Correct way to register a parameter for model in Pytorch

I tried to define a simple model in Pytorch. The model computes negative log prob for a gaussian distribution:

import torch
import torch.nn as nn

class GaussianModel(nn.Module):

    def __init__(self):
        super(GaussianModel, self).__init__()

        self.register_parameter('mean', nn.Parameter(torch.zeros(1),
                                                     requires_grad=True))
        
        self.pdf = torch.distributions.Normal(self.state_dict()['mean'],
                                              torch.tensor([1.0]))
    def forward(self, x):
        return -self.pdf.log_prob(x)

model = GaussianModel()

Then I tried to optimize the mean parameter:

optimizer = torch.optim.SGD(model.parameters(), lr=0.002)
for _ in range(5):
  optimizer.zero_grad()
  nll = model(torch.tensor([3.0], requires_grad=True))
  nll.backward()
  optimizer.step()
  print('mean : ', model.state_dict()['mean'],
                 ' - Negative Loglikelihood : ', nll.item())

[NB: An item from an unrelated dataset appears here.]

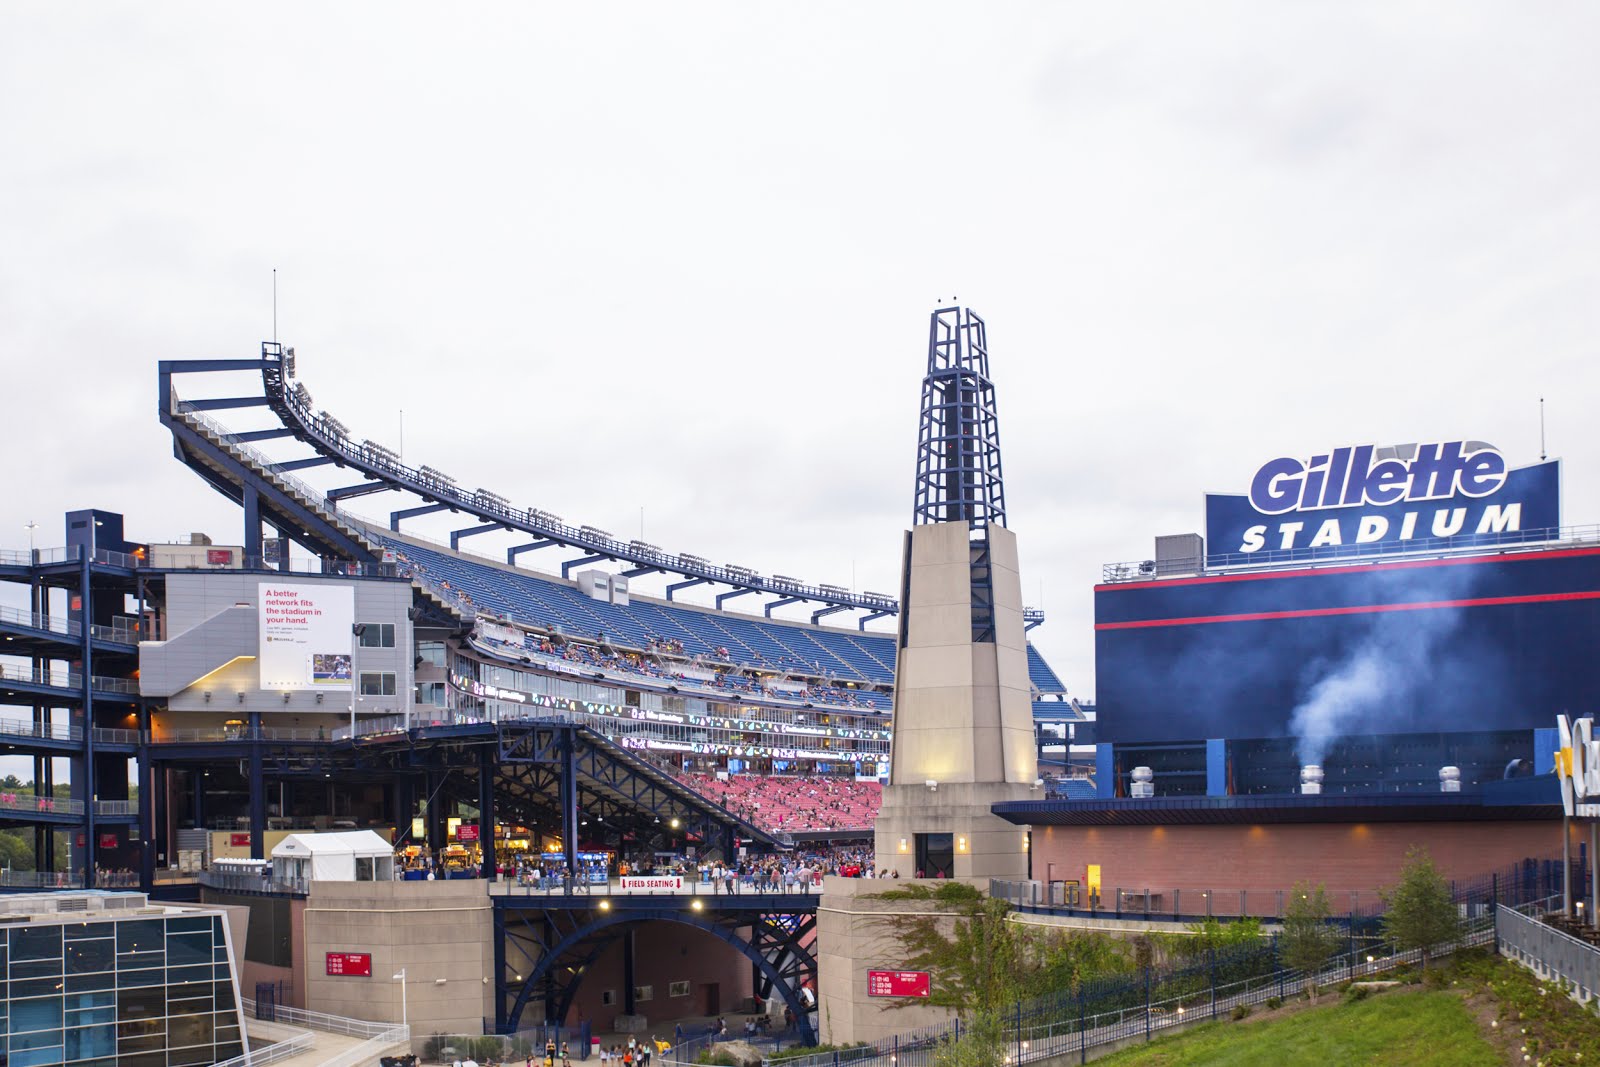 Sports Stadium Tickets: Visit Gillette Stadium to Attend a Game or Concert

But it seems the gradient is zero and mean does not change:

mean :  tensor([0.])  - Negative Loglikelihood :  5.418938636779785
mean :  tensor([0.])  - Negative Loglikelihood :  5.418938636779785
mean :  tensor([0.])  - Negative Loglikelihood :  5.418938636779785
mean :  tensor([0.])  - Negative Loglikelihood :  5.418938636779785
mean :  tensor([0.])  - Negative Loglikelihood :  5.418938636779785

Did I register and use the mean parameter correctly? can autograd compute the gradient for torch.distributions.Normal.log_prob or I should implement the backward() for the model?

Solution

You're over complicating registering your parameter. You can just assign a new self.mean attribute to be an nn.Parameter then use it like a tensor for the most part.

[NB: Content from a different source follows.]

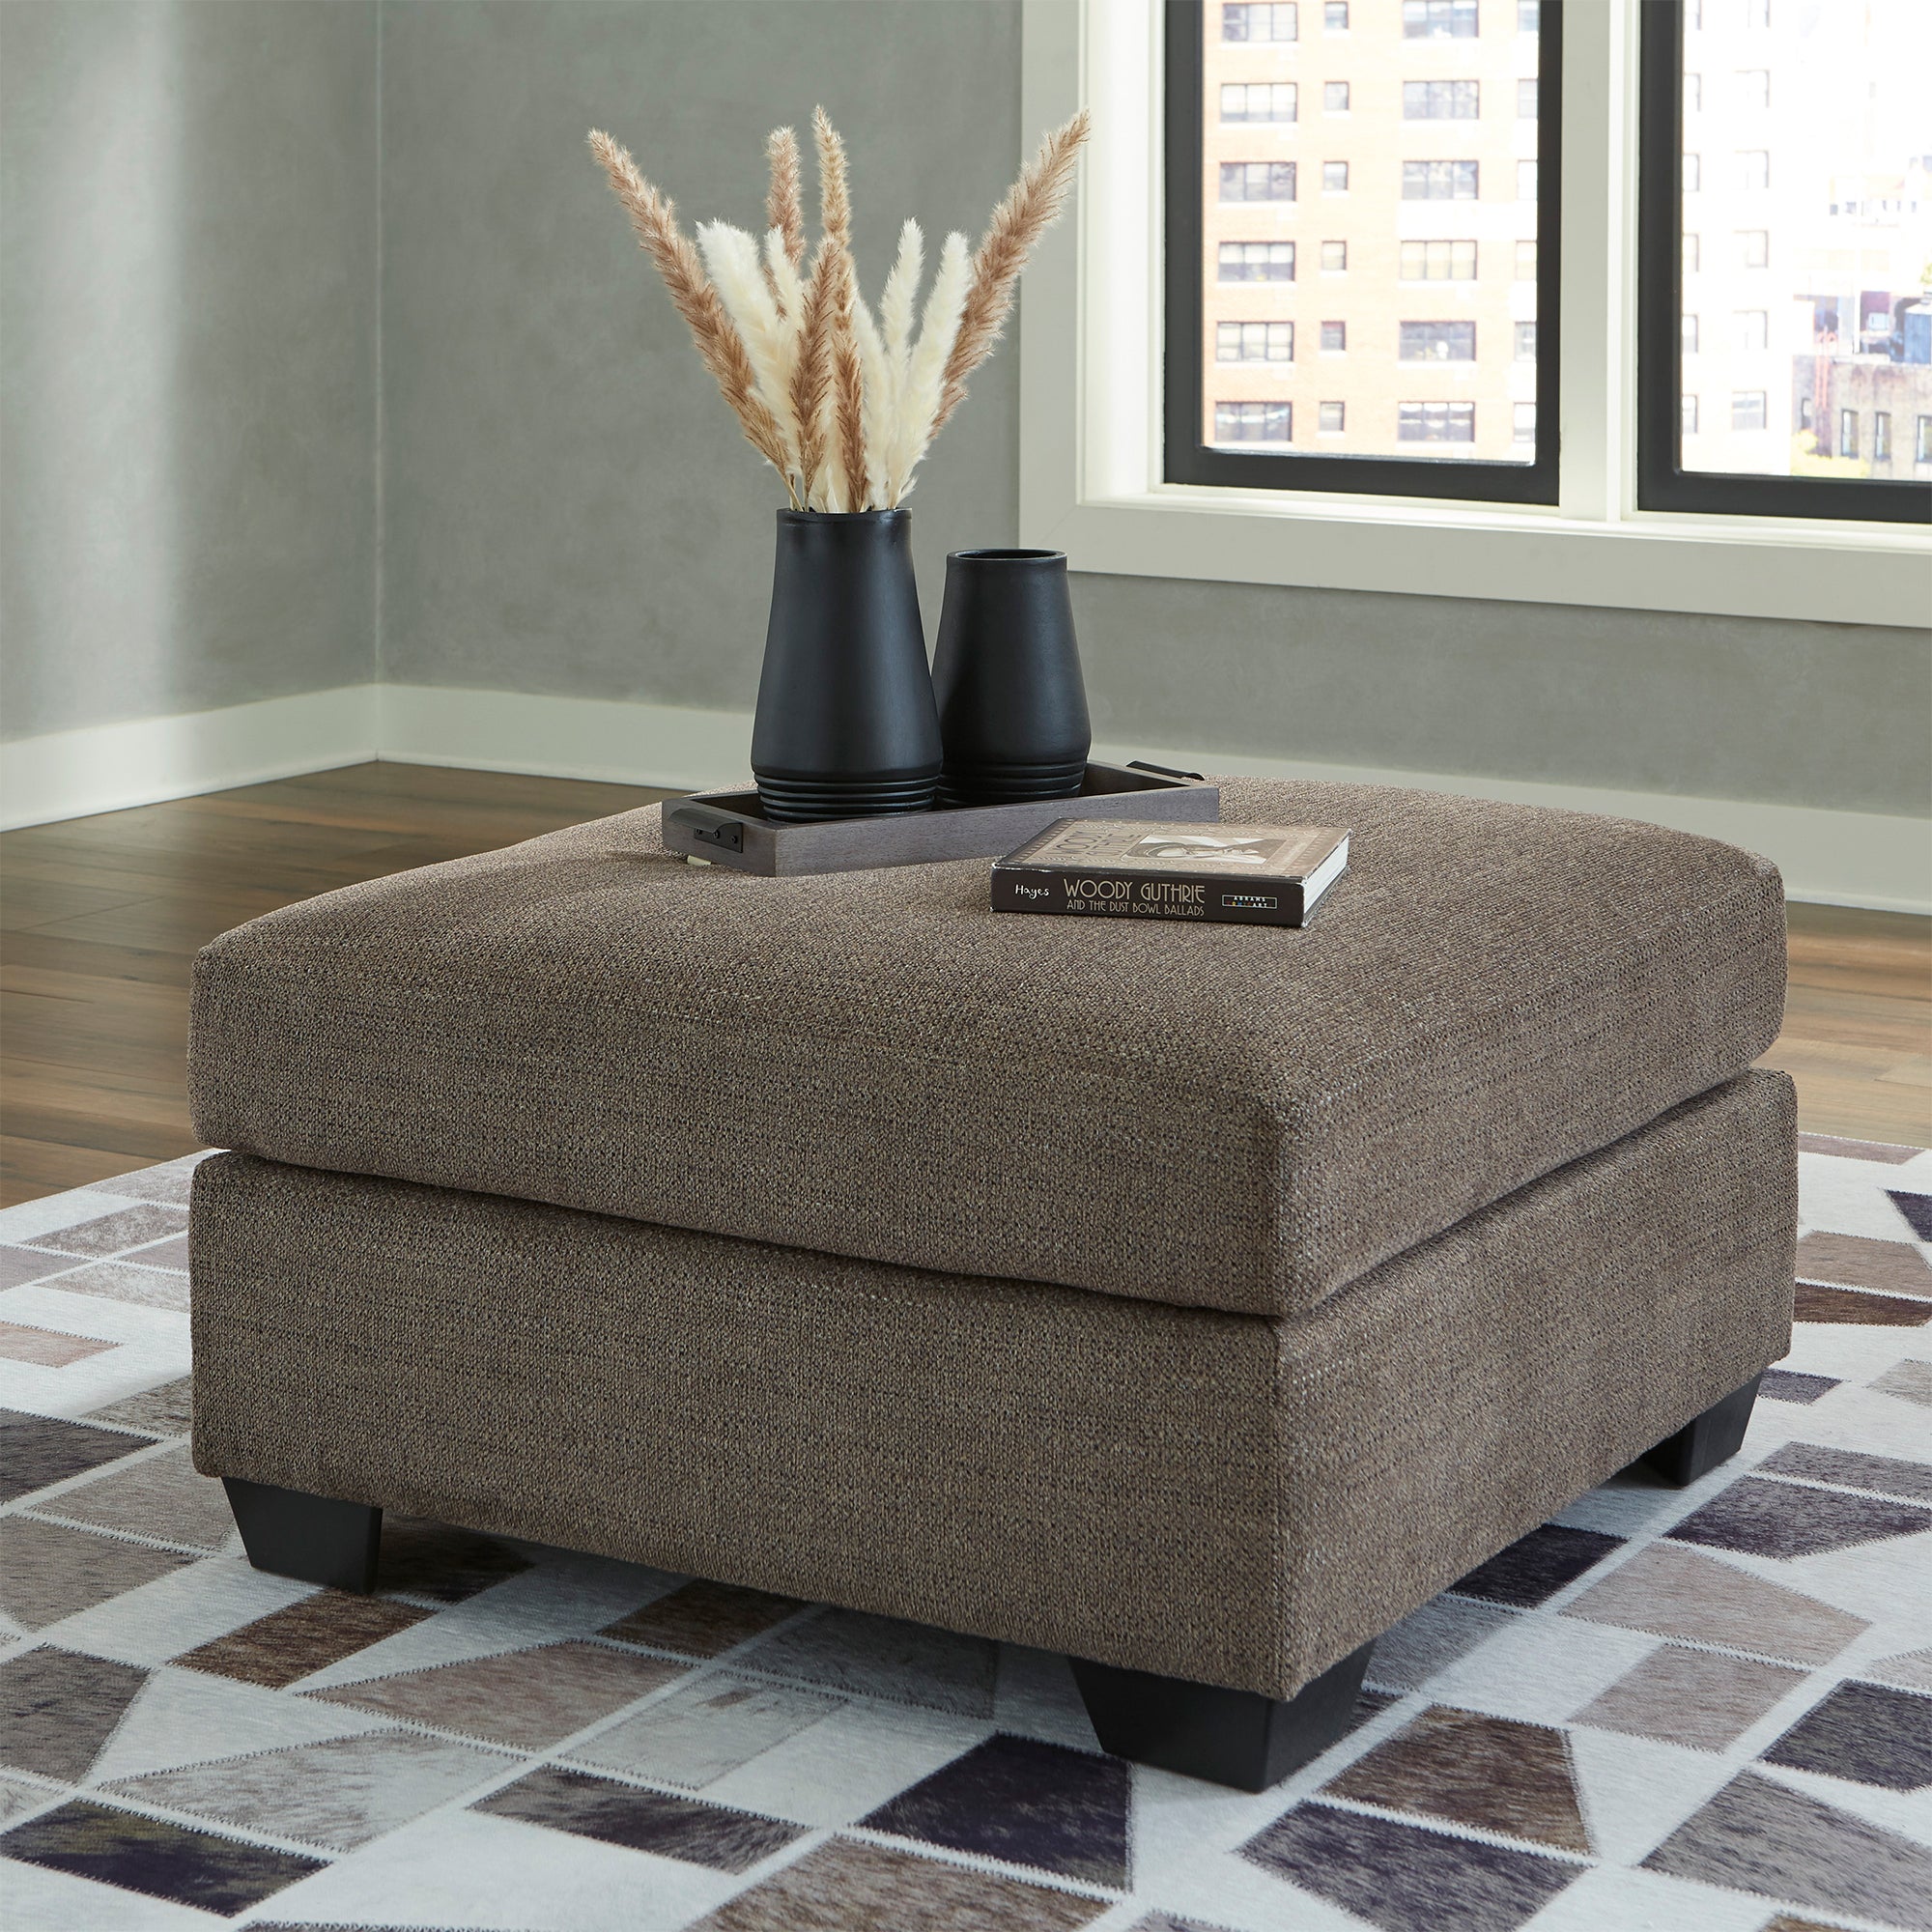 Elegant chocolate-colored Mahoney Oversized Accent Ottoman, ideal for extra seating or as a plush footrest

nn.Module overrides the __setattr__ method which is called every time you assign a new class attribute. One of the things it does is check to see if you assigned an nn.Parameter type, and if so, it adds it to the modules dictionary of registered parameters.

Because of this, the easiest way to register your parameter is as follows:

import torch
import torch.nn as nn

class GaussianModel(nn.Module):
    def __init__(self):
        super(GaussianModel, self).__init__()
        self.mean = nn.Parameter(torch.zeros(1))
        self.pdf = torch.distributions.Normal(self.mean, torch.tensor([1.0]))

    def forward(self, x):
        return -self.pdf.log_prob(x)